No, the contempt comes when the author, whose name I suppress on the grounds that his crime is more heinous than Herostratus’s (I can get right behind burning temples), rips off King Lear. The mafia boss decides to retire, leaving control of daily affairs to his sons in proportion to their ability to declare their love for him in words. The very dialogue is a near word-for-word translation to modern English of the same scene in Shakespeare’s play! This is probably intended as an artsy, intellectual hommage; it comes off as a rather desperate attempt to be bloody clever. (I do not use the word ‘clever’ as a compliment; theologians are clever. Engineers and scientists are smart.) I have no objection to updating old stories to modern conditions; Poul Anderson (may his potatoes bounce nevermore) rewrote Norse sagas into modern novels, and did it very well. But Shakespeare! King Lear! And utterly no originality, no attempt to update the characters by exploring their reasons for doing as they do! It might be interesting to hear why Goneril and Regan suddenly refuse their father, but there is no nod in this direction; we get no more explanation for their actions than Shakespeare gives. It’s like a high-schooler’s attempt to show that he is erudite; well done, child, indeed thou art familiar with the single most-quoted author of the western canon. Now stop ripping him off and write something original, dignabbit.

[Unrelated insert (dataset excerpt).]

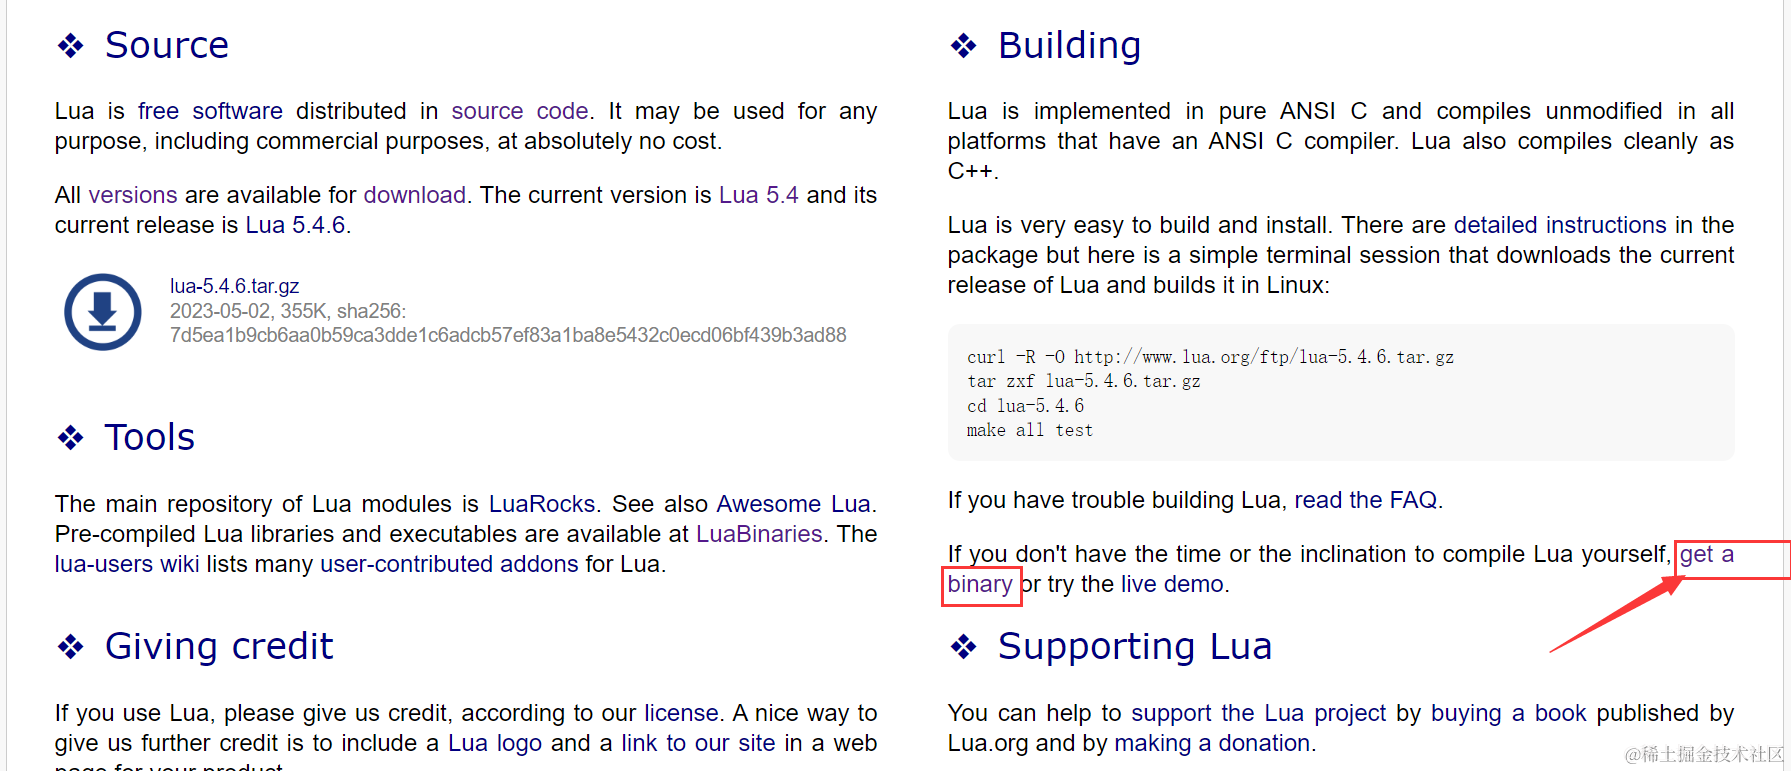 Lua02——应用场景及环境安装_Lua_02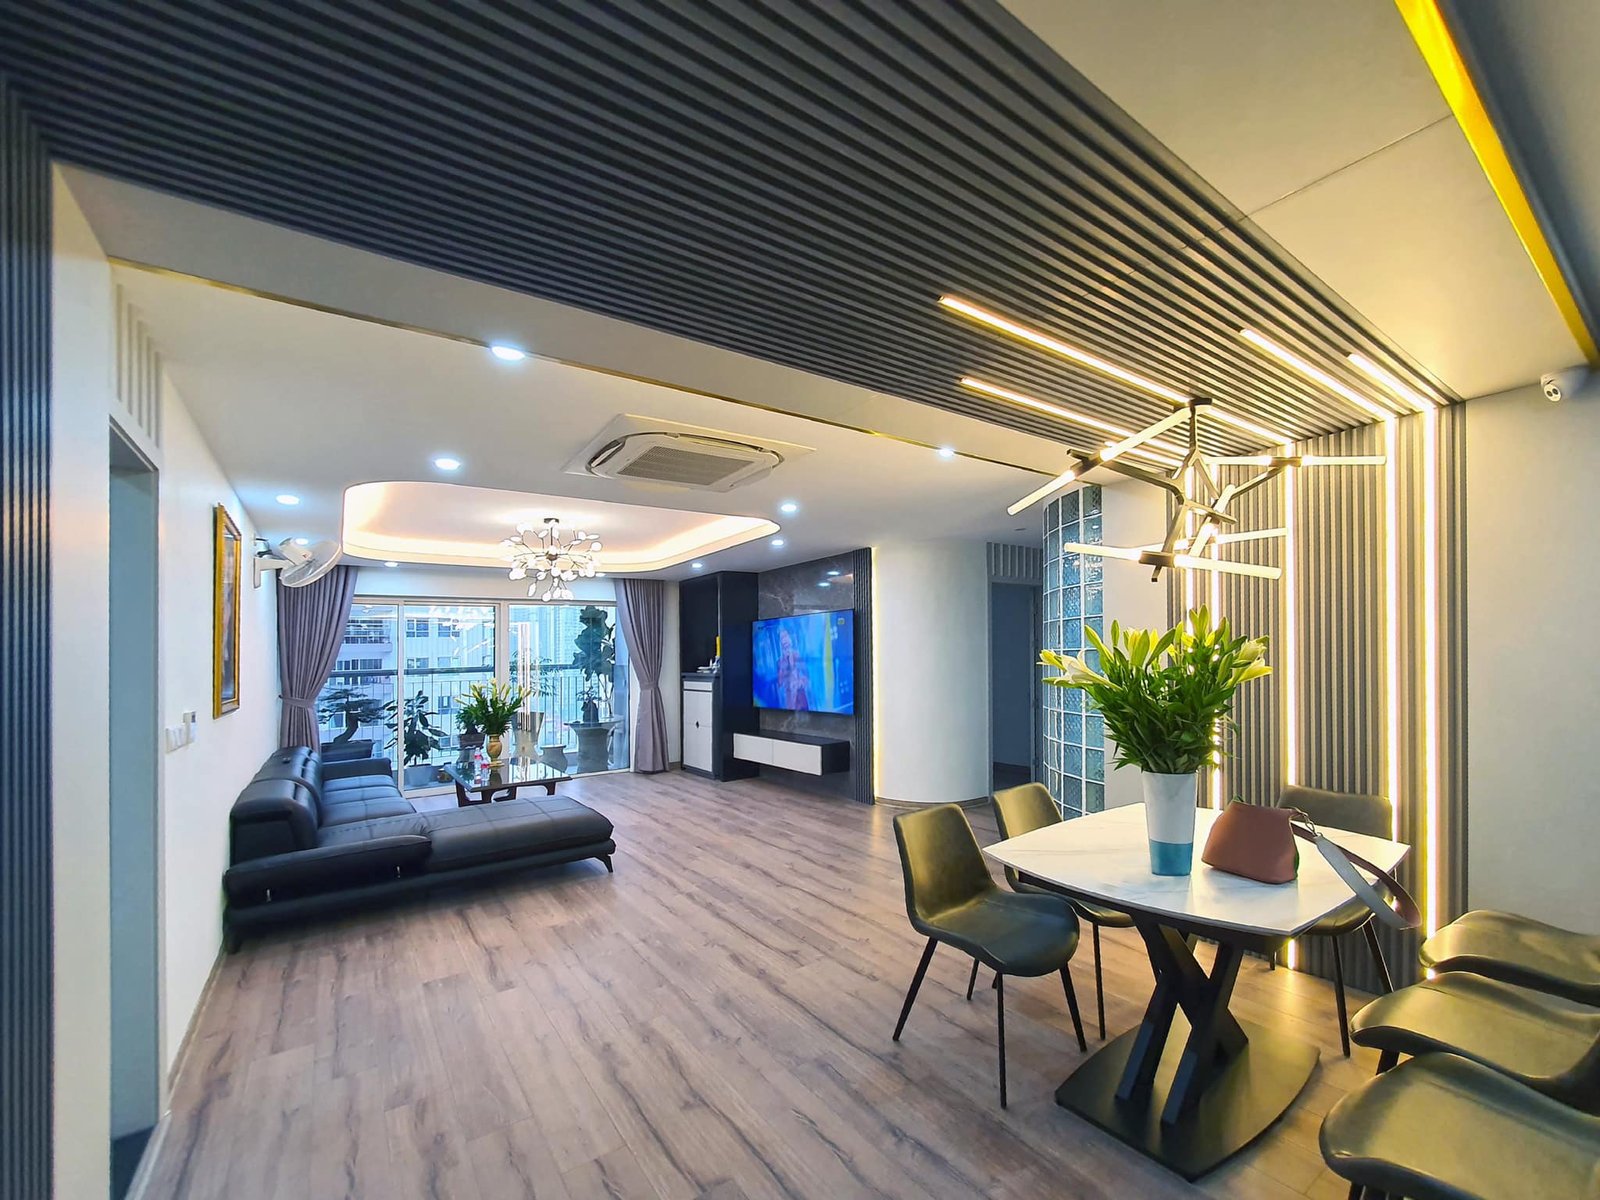 Lối bày trí nội thất chung cư đơn giản vừa giúp tối ưu diện tích tạo lối đi lớn và không gian thông thoáng.

I will admit to having committed something similar myself, at one time: I wrote an analysis of Macbeth, or perhaps it was Julius Caesar, I don’t recall, showing how Shakespeare was subtly flattering King James VI and I; and I wrote it in blank verse, doing my best to imitate Shakespeare’s style. Got me a good grade, too. But that should clue you in: This was literally high school! And ye gods, even at my most stylistically imitative I had at least got some content that wasn’t down to the Bard! As for pasing such a scribble off as literature and extracting genuine, hard-earned money for it, gah. The mind boggles.